I am trying to verify that the identity $$ \int_{\delta\leq |t|<\frac{1}{2}}f(x-t)\frac{\sin(\pi(2N+1)t)}{\sin(\pi t)}dt=\widehat{(ge^{\pi i\cdot})}(N)+\widehat{(ge^{-\pi i\cdot})}(-N) $$ where $$ g(t)=\frac{f(x-t)}{2i\sin(\pi t)}\chi_{\{ \delta\leq|t|<\frac{1}{2} \}}(t) $$ where $g$ is integrable holds. My question is how to go about attacking this integral? Would integration by parts by a good first step?
Thank you in advance for your comments and help.
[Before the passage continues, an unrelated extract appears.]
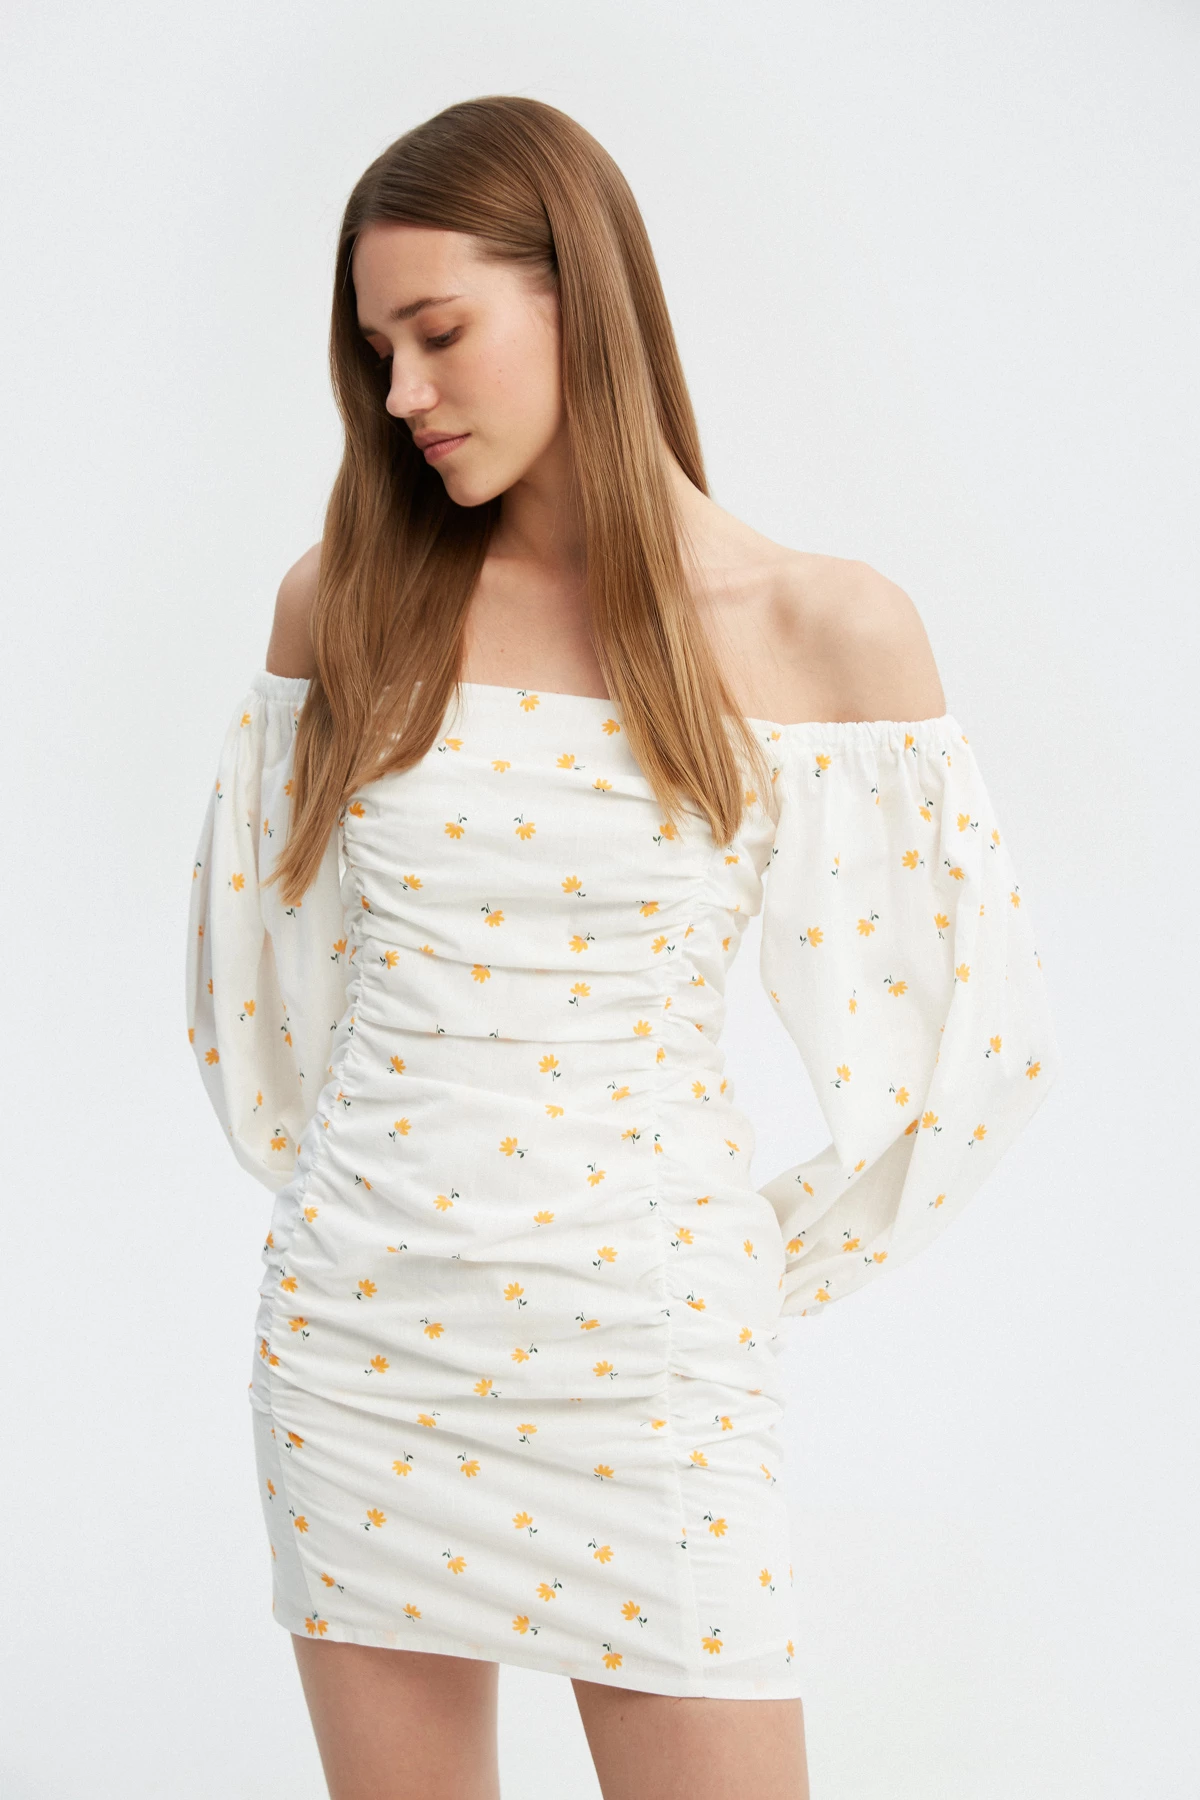 Біла сукня з драпіруванням з бавовни в авторський принт жовті квіти , фото 4

I show you some steps. Your left-hand side can be written $$ \int_{-\infty}^{+\infty} g(t)2i\sin(\pi(2N+1)t)\,dt $$ Then, also use that $$ 2i\sin(\pi(2N+1)t)=e^{i\pi(2N+1)t}-e^{-i\pi(2N+1)t}, $$ and hence $$ g(t)2i\sin(\pi(2N+1)t)=\bigl(e^{i\pi t}g(t)\bigr)e^{2\pi iNt}+\bigl(e^{-i\pi t}g(t)\bigr)e^{-2\pi iNt}. $$ Can you take it from here? (The final result depends a bit on where one put the constant $2\pi$ in the definition of the Fourier transform.)